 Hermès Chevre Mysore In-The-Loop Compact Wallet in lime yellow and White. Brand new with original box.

* * *

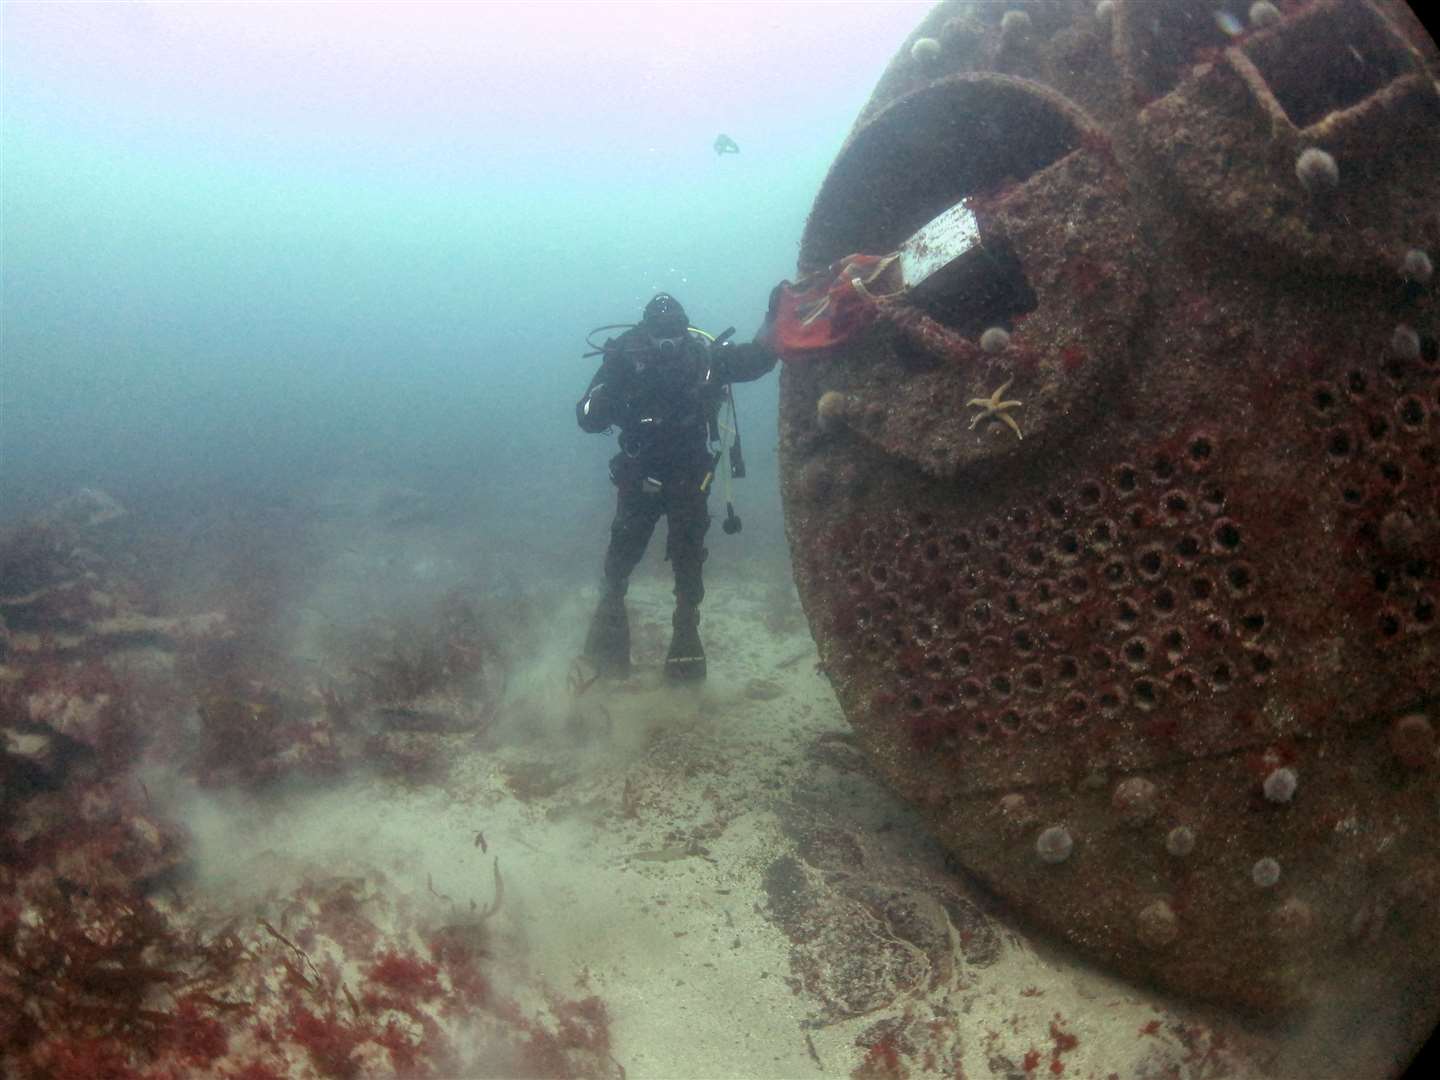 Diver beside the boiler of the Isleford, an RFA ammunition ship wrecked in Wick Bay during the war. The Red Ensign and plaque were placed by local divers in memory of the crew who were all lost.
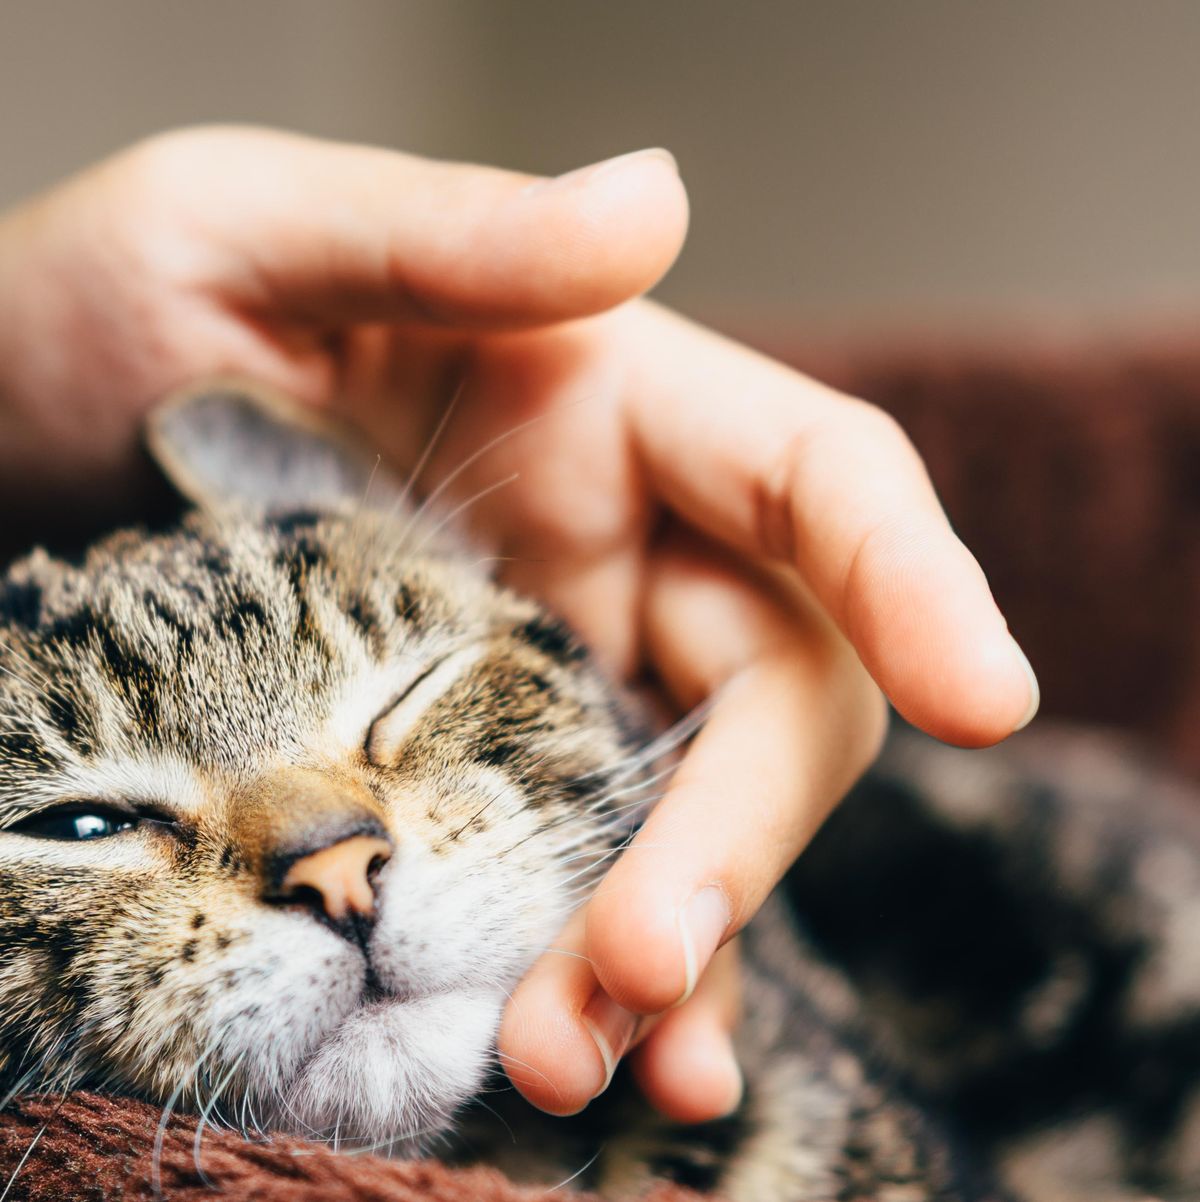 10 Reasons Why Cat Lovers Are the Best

• **Problem requirements**:
Return exactly the part of the listing above that opens with the line containing "Diver beside the" and closes with the line containing "10 Reasons Why Cat Lovers Are the Best". Pictures stay out.

• **Solution to the exercise**:
 Diver beside the boiler of the Isleford, an RFA ammunition ship wrecked in Wick Bay during the war. The Red Ensign and plaque were placed by local divers in memory of the crew who were all lost.
 10 Reasons Why Cat Lovers Are the Best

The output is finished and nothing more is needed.